My mouth fell open and I watched in shock as the creature’s did as well.

I was the beast.

Wow. Nina Laden’s done it again, folks. What a twist!

As I gazed into that little mirror, I fell into a deep reflection. Don’t we all have a little bit of monster in us? An animal side? A part that can be savage and wild? Are we capable of terrible things? Can you ever truly know a person? And why hadn’t I washed my hair in what appeared to be months?

Between my mind racing and the baby waking every two hours, I could barely sleep that night. And when I woke up my husband at 4AM and whispered to him, “Are human beings inherently evil?” he was of no help at all.

As I lay in bed watching the sun rise, I knew I had cracked the case.

Peek-a WHO? Laden asks us, to which I answer, Peek-a ALL OF US. Peek-a MANKIND. For we are all guilty of something, aren’t we?

But in this particular case, it was the Cow.

Peek a WHO Cow
           I knew it all along, you bastard.

To those of you searching for a thriller that will get your heart racing, look no further than Peek-a WHO? It’s dark. It’s gritty. Light enough to throw into your purse to read on the go, but hefty enough to really sink your teeth into (both literally and figuratively!).

It keeps you guessing at every turn of the page (which would be eleven. There are eleven pages), and best of all, you can finish it in a single evening (okay, maybe two). A perfect book for busy and tired parents who still crave a little excitement.

Hey, hold on a minute, you say from your desk at work, idly wondering why all of your socks have holes in them. You loved this book. Why did you STOP reading Peek-a WHO then?

I know; what’s with all the holes?! Weird. But the main reason that I stopped reading Peek-a WHO? was that I finished it.

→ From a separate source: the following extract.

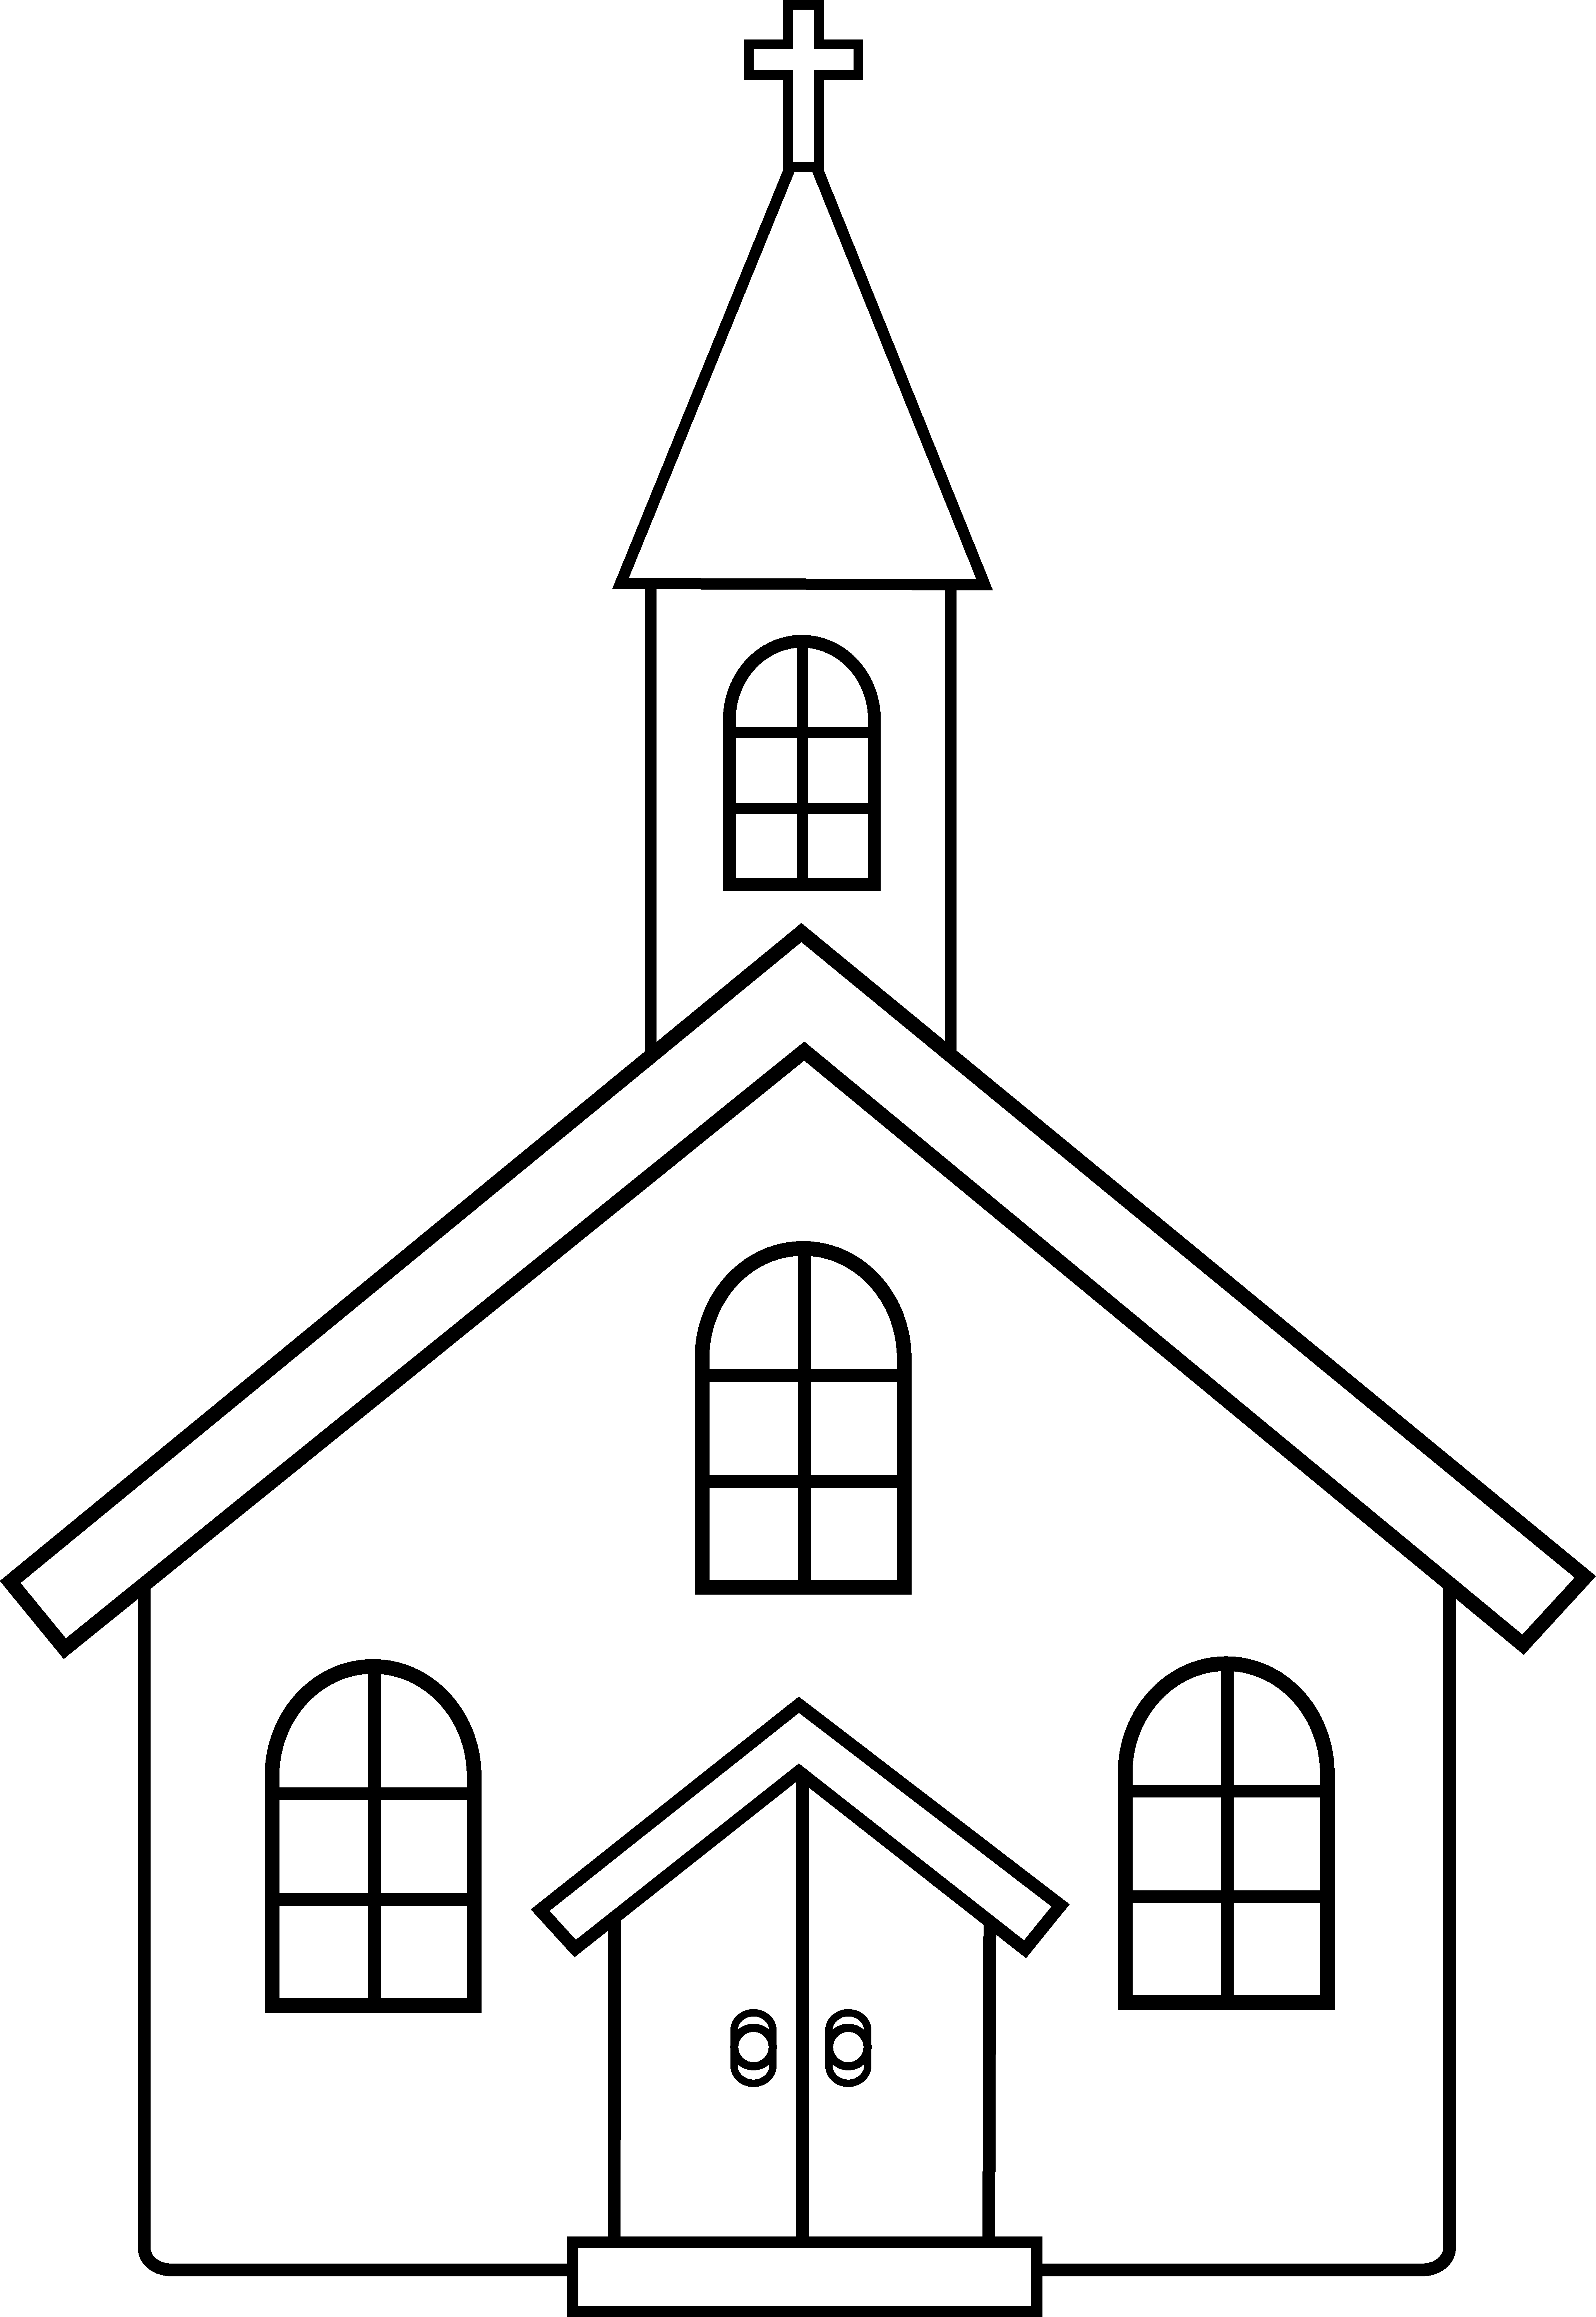 Persona 5 style icon of a church. minimalist color scheme of black and  white on Craiyon

Had it kept going to 12, 13, even 14 pages, I would have continued. Probably not 15, though. There are only so many things that can rhyme with WHO, you know?

Oh, who am I kidding. I love this book. Peek-a STEW? Bring it on!

Are there any fellow Peek-a WHO? fans out there in the crowd?

What thriller is rocking your world lately? (I have heard that Hippos Go Berserk! is quite chilling but I haven’t yet read it—I scare too easily!) Have you had to alter your reading habits since becoming a parent? What flavor of Gerber Puffs is your favorite?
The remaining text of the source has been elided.